Using the targets Package

Use the targets package to parallelize machine learning workflows
Using the targets Package
Try this example in seconds on Saturn Cloud

Overview

Targets is a pipeline toolkit for R. It allows for reproducible workflows without unnecessarily repeating calculations. It also can use parallel backends (future or clustermq).

To illustrate this package, we use the same data, model, and functions that were used in the furrr example. See that example for a thorough explanation. All these functions are contained in the “functions.R” file in this repository.

We will be using the future backend for parallel processing. Learn more about how the future package works here.

Modeling Process

Imports

The only library we need to import now is the targets library itself. All other libraries are imported during the workflow process.

library(targets)

Use a “_targets.R” file

First, we need a file named “_targets.R”. This file will contain all the information for targets to create a workflow.

The “_targets.R” file does the following:

  • Imports the appropriate libraries
  • Imports the functions from “functions.R”
  • Sets global options for targets, including the packages that each target node needs
  • Creates an execution environment for the future package
  • Creates a list of target nodes

Target nodes are defined in a list using the function tar_target(). Each target node is a single step in a workflow. A node runs an R command and returns a value.

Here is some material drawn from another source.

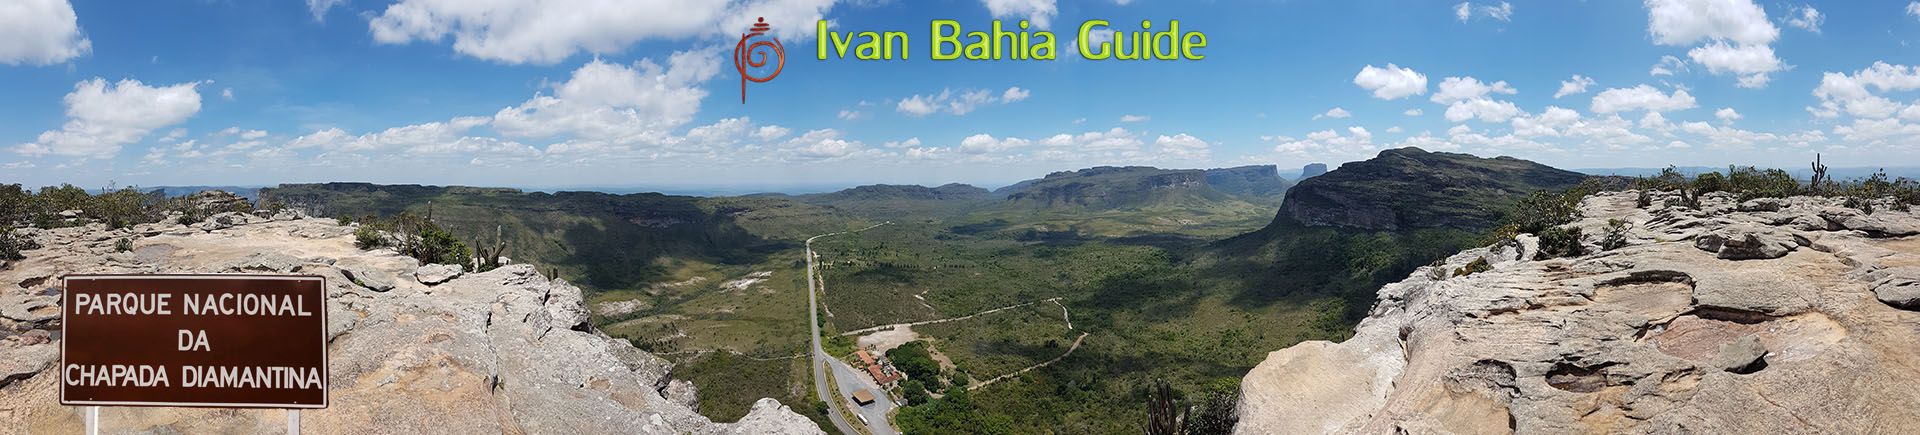 Ivan Bahia tour-guide / ballades en Chapada Diamantina Parc National (connu comme le 'Grand Canyon Brésilien') / #ibtg #ibg #ivanbahiaguide #ivanbahiatravelguide #zenturturismo #ivanchapadadiamantinaguide #valedopati #patyvalley #pati #viapati #valecapao #ivanchapadaguide #chapadadiamantinatransfer #chapadatrekking #chapadaroots #chapadasoul #lencoisbahia #chapadadiamantinatrekking #ivanchapadadiamantinaguide  #chapadadiamantinaguide  #guidechapadadiamantina #lencois #lençois #chapadaadventuredaniel #diamondmountains #zentur # #guiachapadadiamantina #chapadaaventure #discoverchapada #chapadadiamond #chapadasoul #diamantinatrip  #tripadvisor #bahiametisse, #fernandobingre, #ivansalvadorbahia #salvadorbahiaTravel #toursbylocals #fotosbahia #bahiafotos #chapadadiamantinanationalpark #yourtoursbrazil #maurotours #bahiatopturismo #bahiapremium #maisbahiaturismo #fernandobingretourguide #cassiturismo

tar_target has several inputs, but the important ones here are:

  • name: The name of the target node – Targets are referenced by name, so downstream nodes can reference upstream nodes by name.
  • command: The R function to run
  • format: A storage format for the return value – This can have considerable positive effects to run time if you are moving large files around.
  • deployment: This dictates where the function is to be run. It can either be “main” or “worker.” Many functions in this graph will not be improved by parallelization, so they are run on the “main” process.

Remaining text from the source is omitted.